● DESCRIPTION OF THE TASK: Pictures are to be left out. Return exactly the lines below from the one with "20 Feet 21 Feet" up to and including the one with "kuchyna4.jpg".

● RECORDS PROVIDED:
-- Opening Marker --
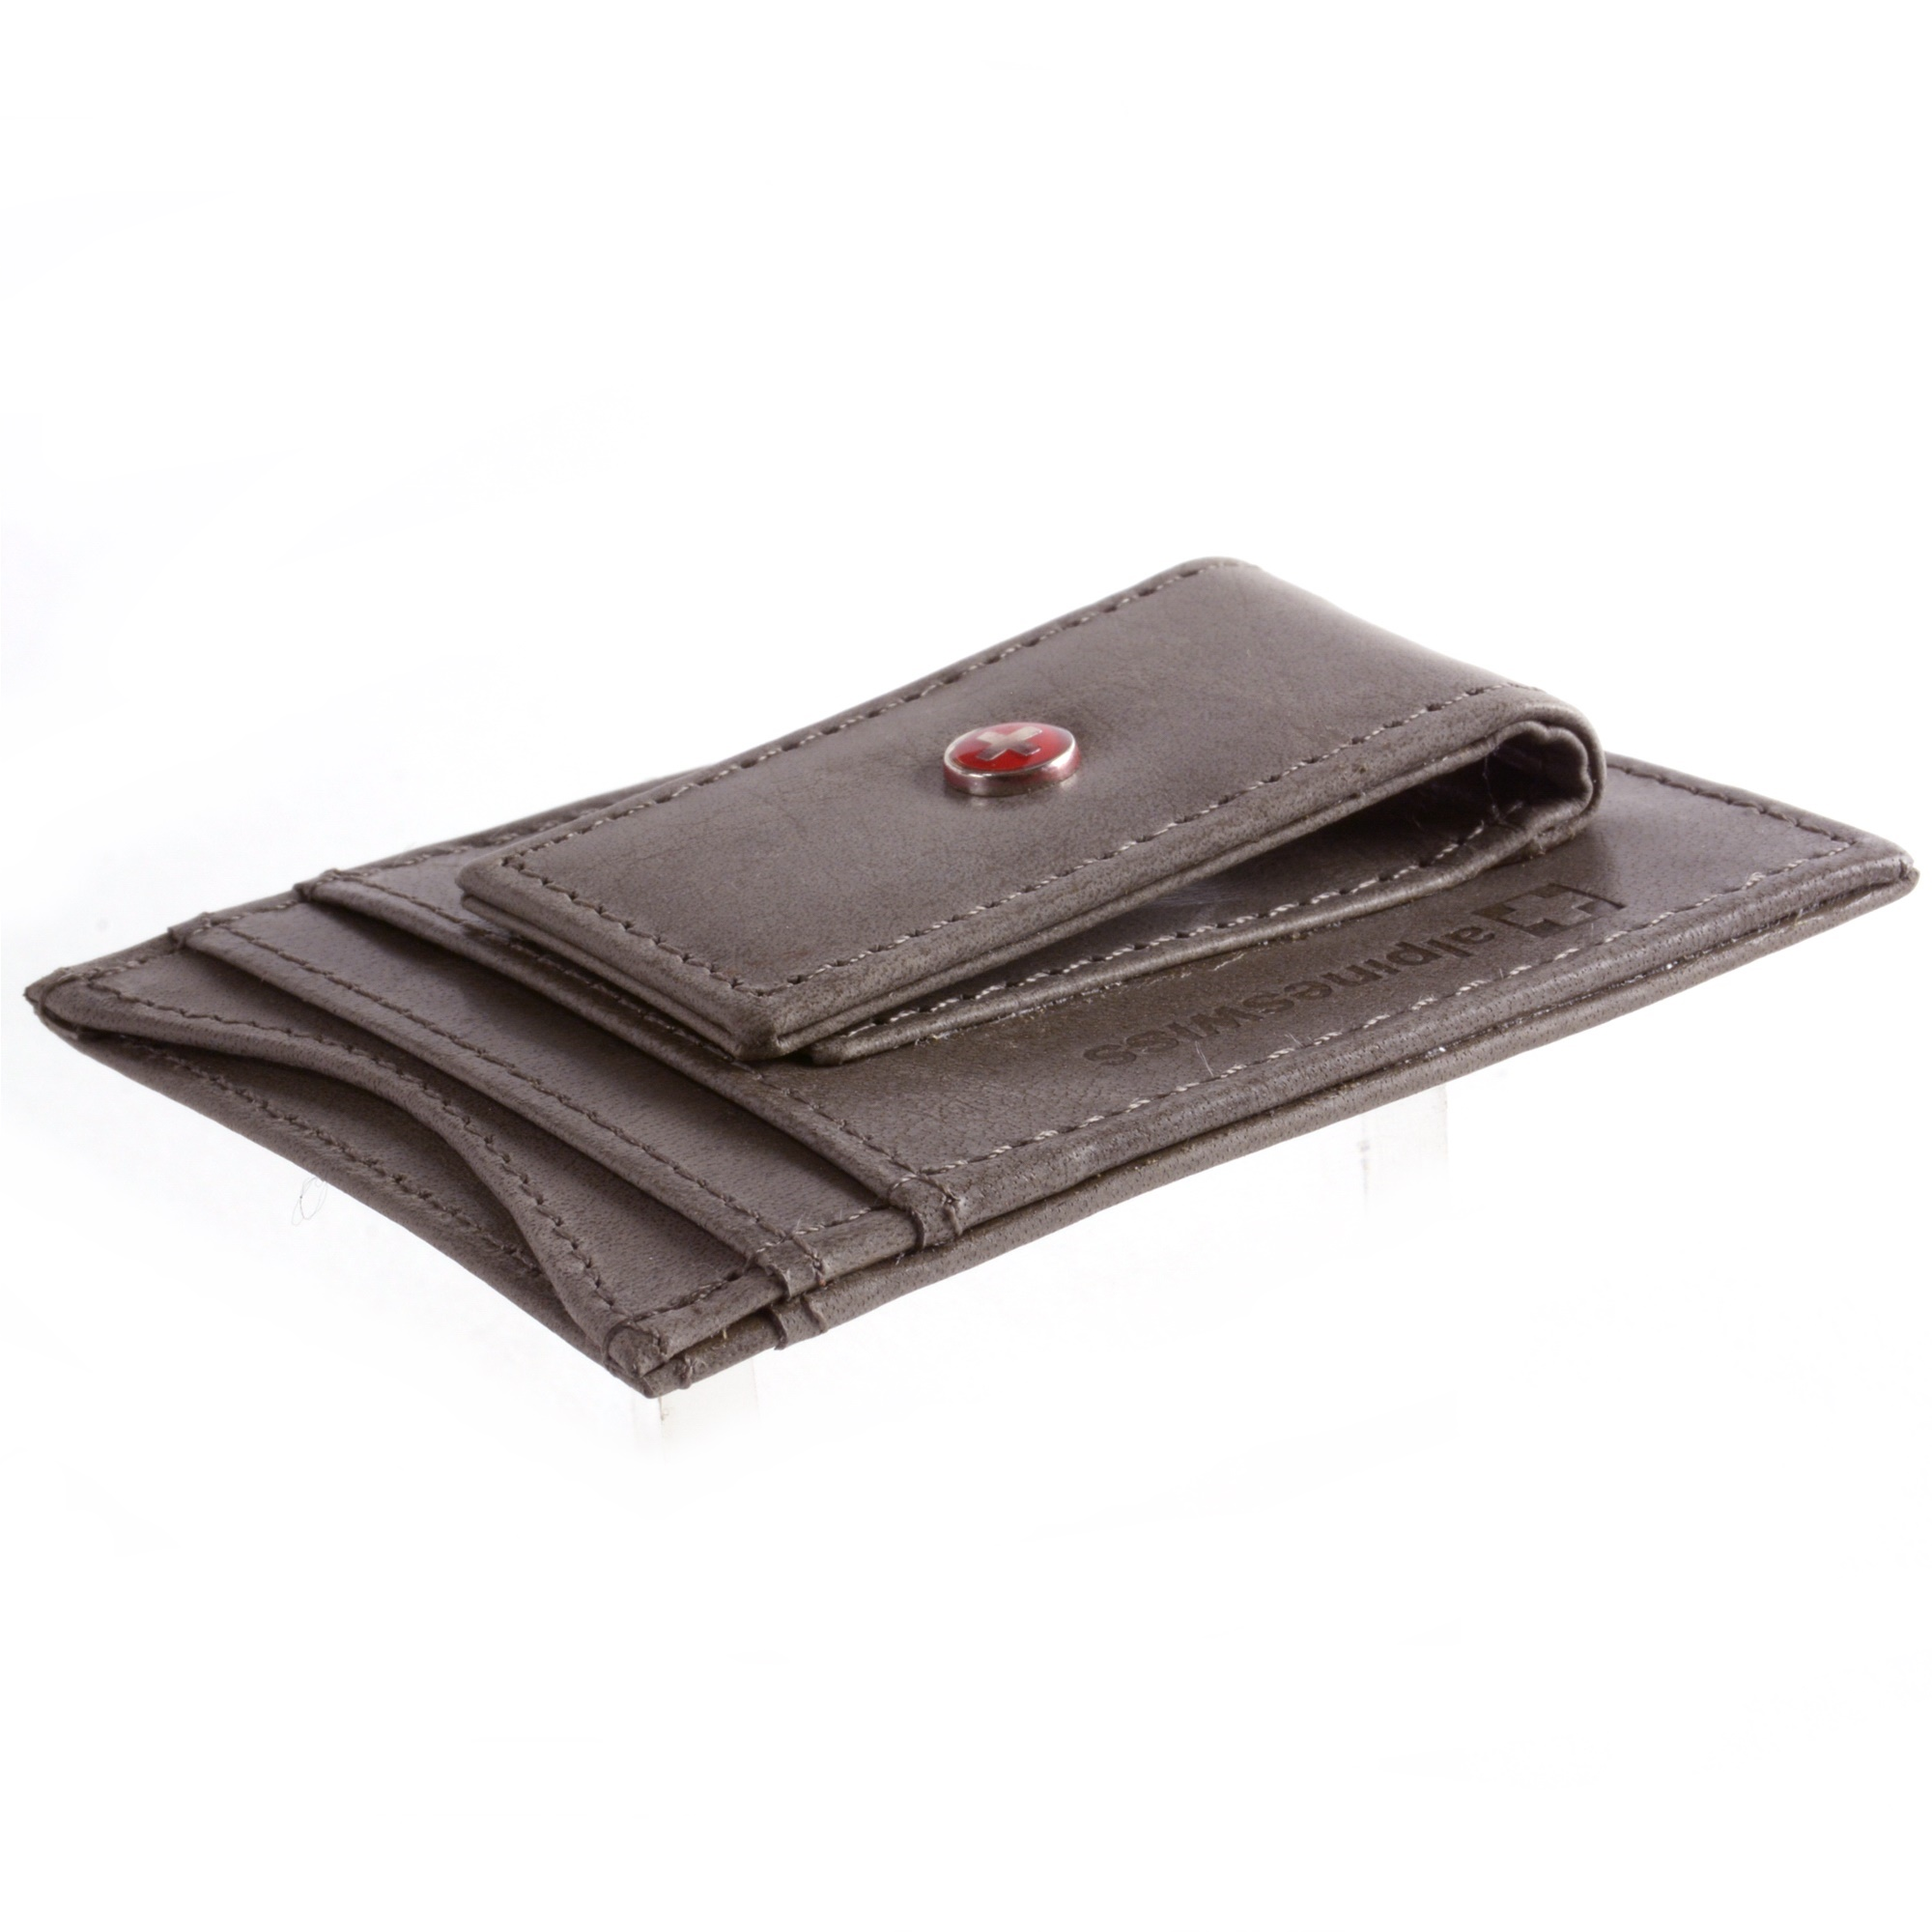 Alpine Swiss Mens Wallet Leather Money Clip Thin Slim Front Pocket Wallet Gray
-- Closing Marker --
-- Opening Marker --
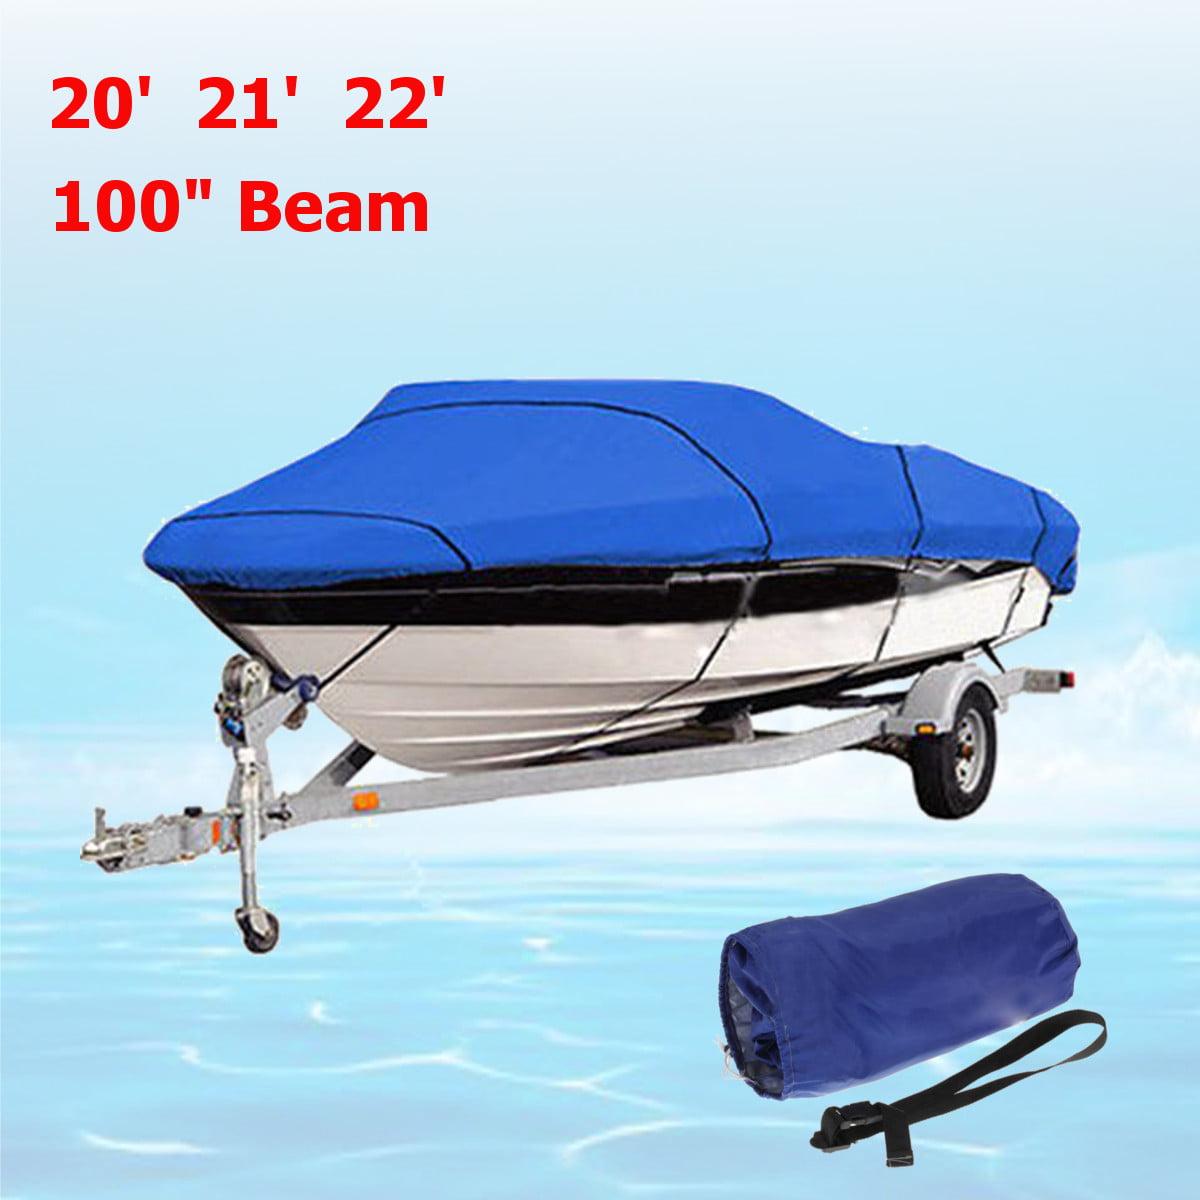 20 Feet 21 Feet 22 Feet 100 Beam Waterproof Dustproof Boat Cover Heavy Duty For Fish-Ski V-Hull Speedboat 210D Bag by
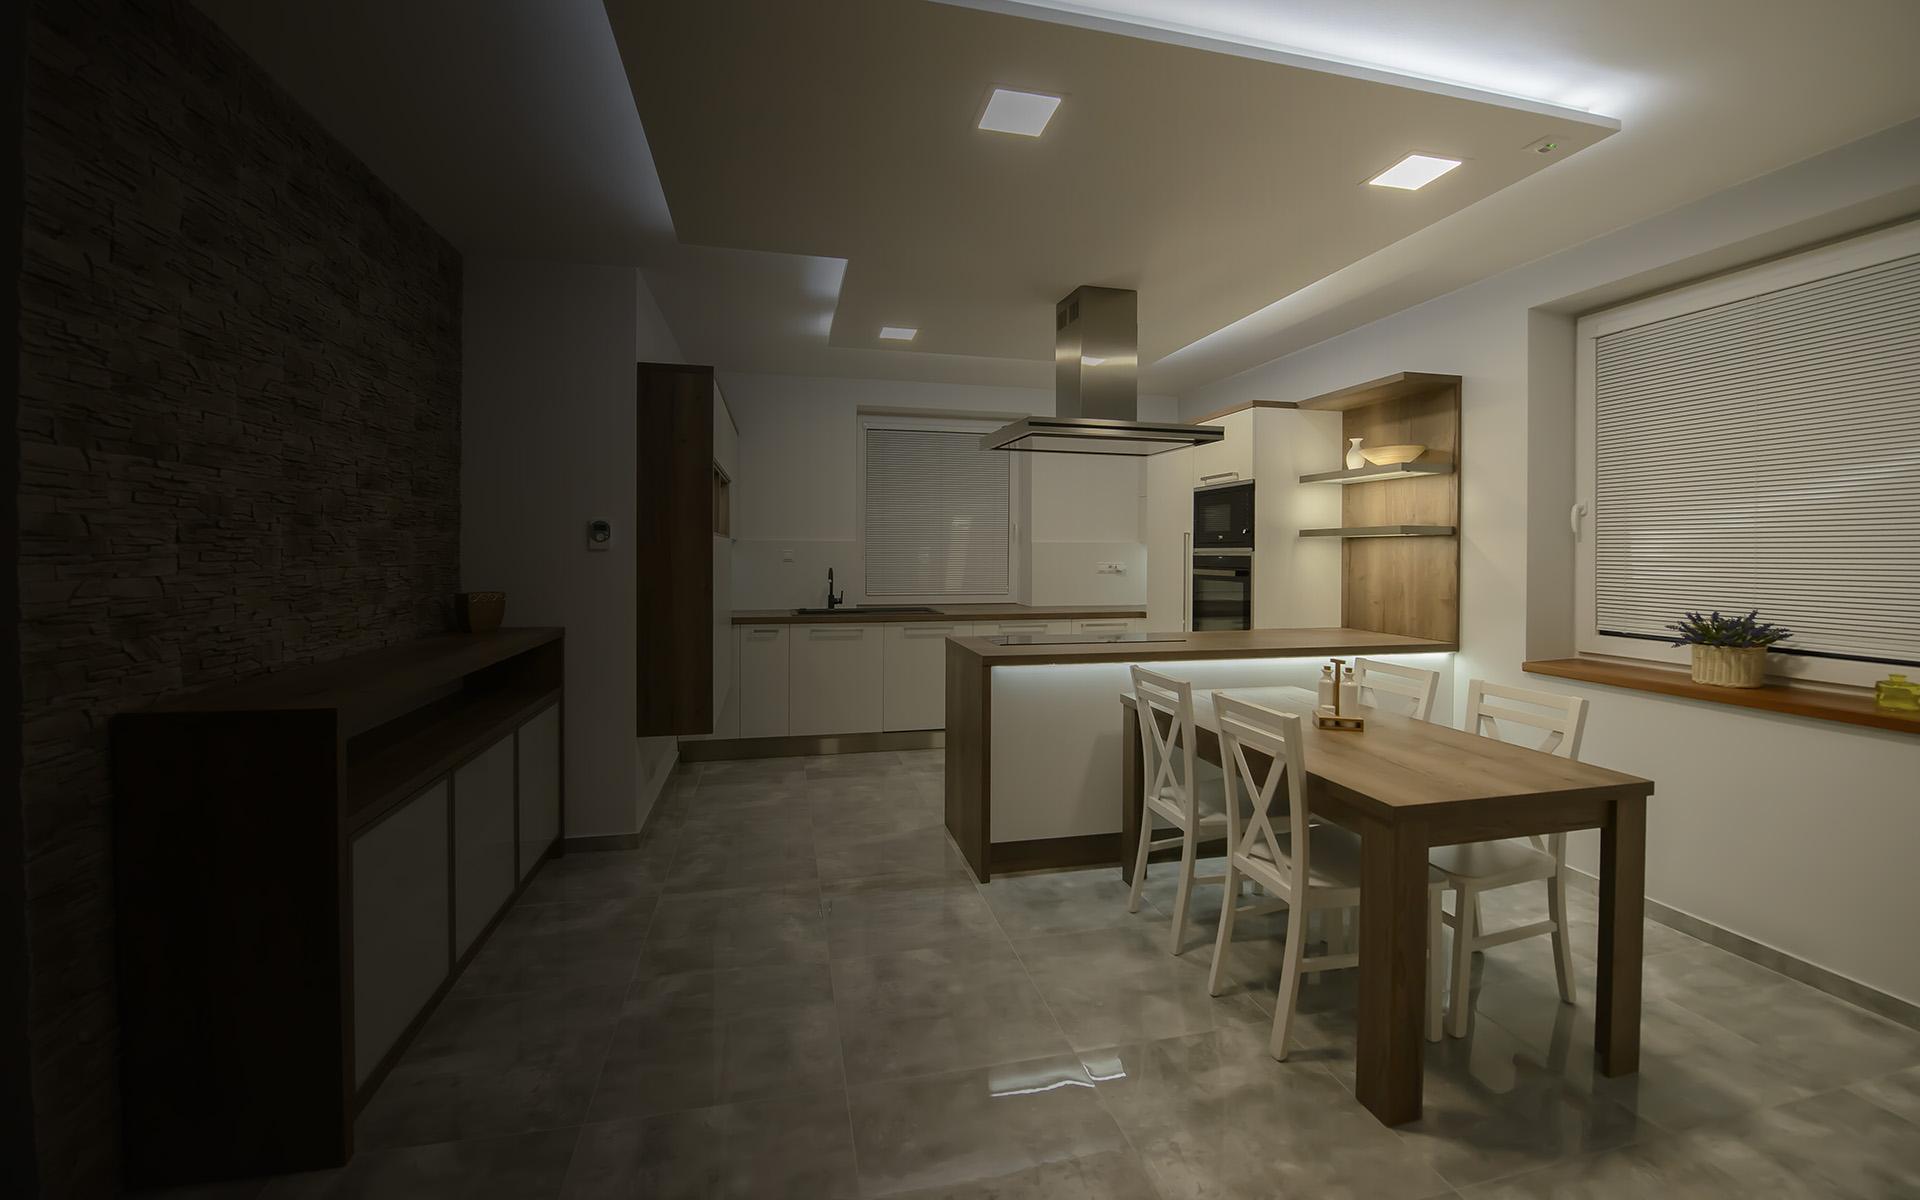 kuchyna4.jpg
-- Closing Marker --
-- Opening Marker --
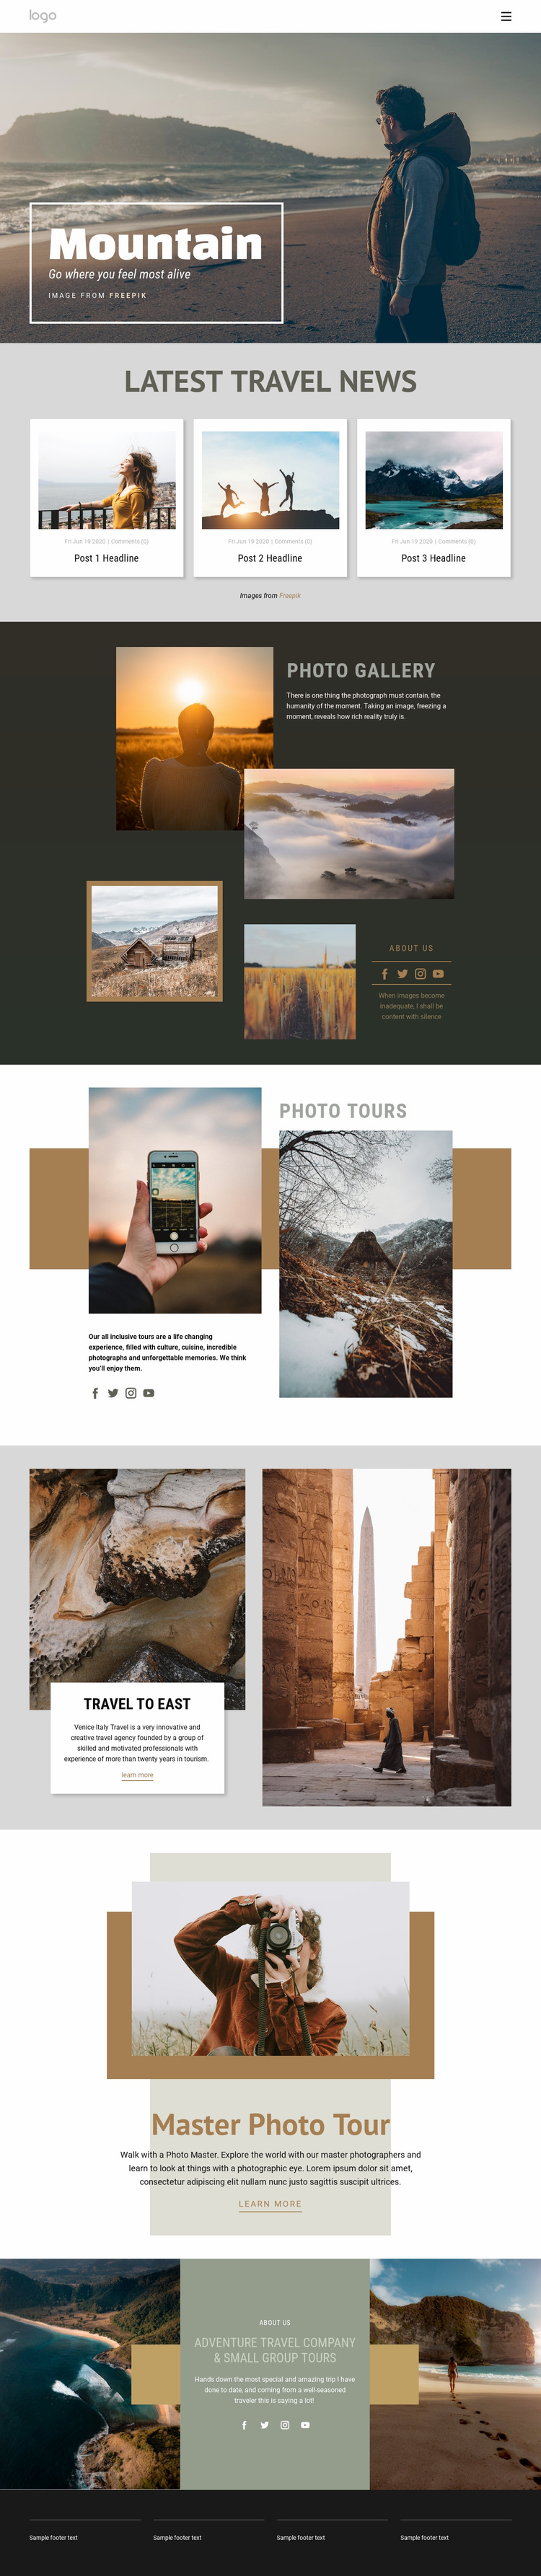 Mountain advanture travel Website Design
-- Closing Marker --
● SOLUTION:
 20 Feet 21 Feet 22 Feet 100 Beam Waterproof Dustproof Boat Cover Heavy Duty For Fish-Ski V-Hull Speedboat 210D Bag by
 kuchyna4.jpg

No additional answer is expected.